# Your goal
Here the job is to repeat the listing exactly, but not the pictures in it.

# Source data
------------------------------------

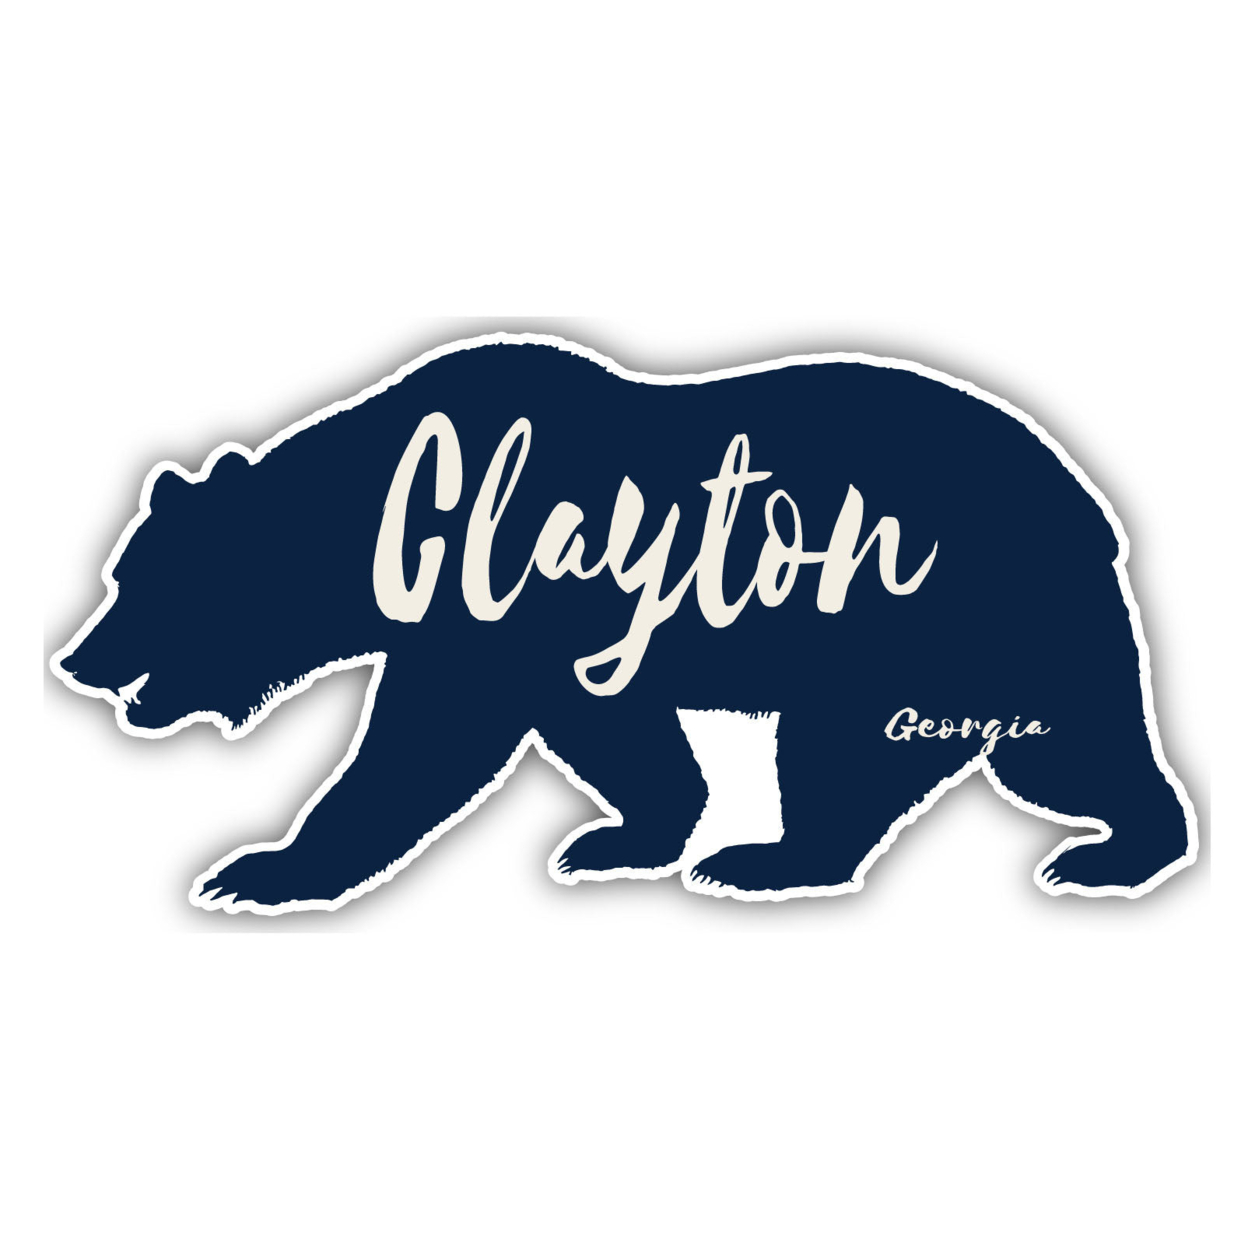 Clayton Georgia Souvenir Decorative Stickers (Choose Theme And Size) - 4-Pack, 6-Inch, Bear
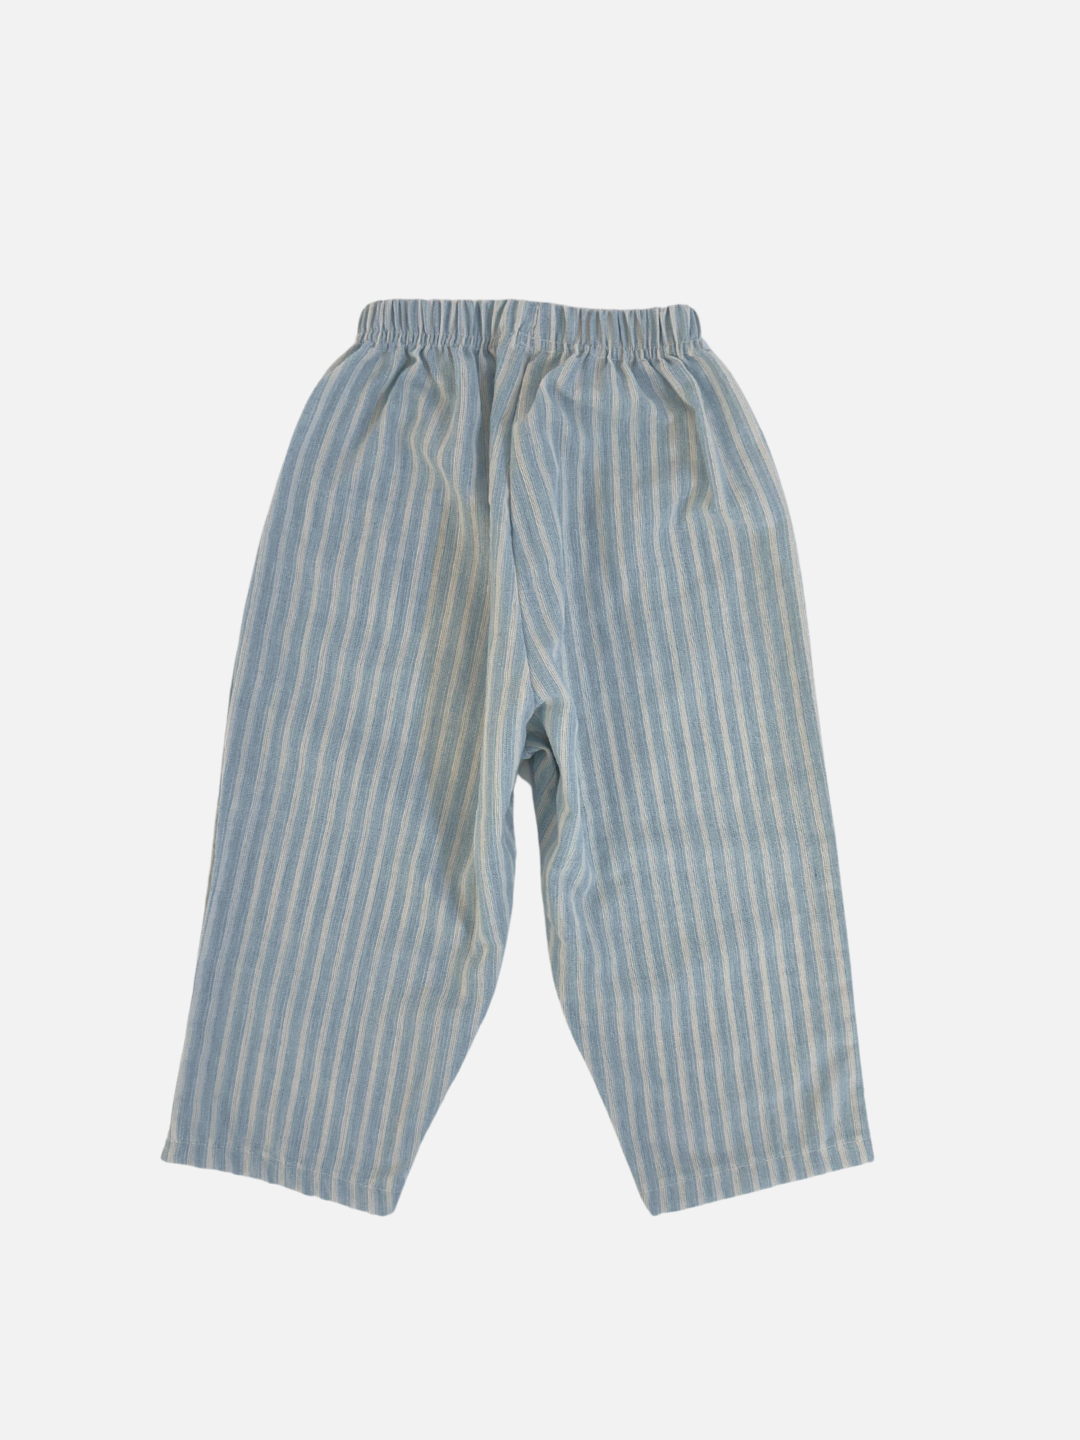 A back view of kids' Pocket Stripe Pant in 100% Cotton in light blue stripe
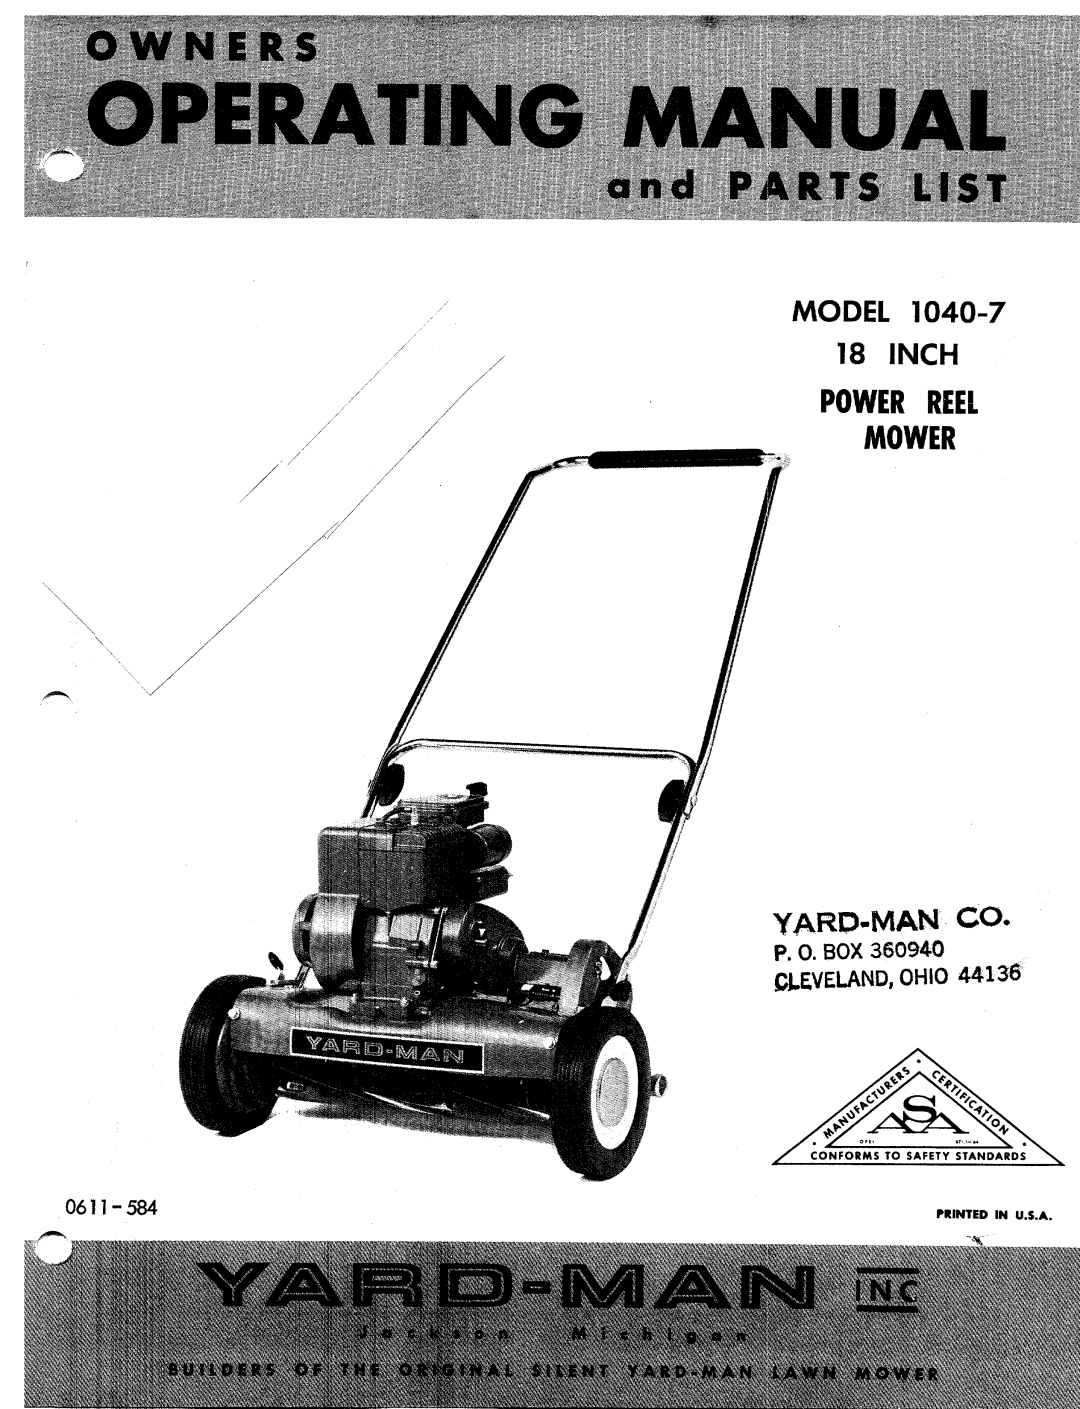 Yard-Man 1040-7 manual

------------------------------------

# Result
 Clayton Georgia Souvenir Decorative Stickers (Choose Theme And Size) - 4-Pack, 6-Inch, Bear
 A back view of kids' Pocket Stripe Pant in 100% Cotton in light blue stripe
 Yard-Man 1040-7 manual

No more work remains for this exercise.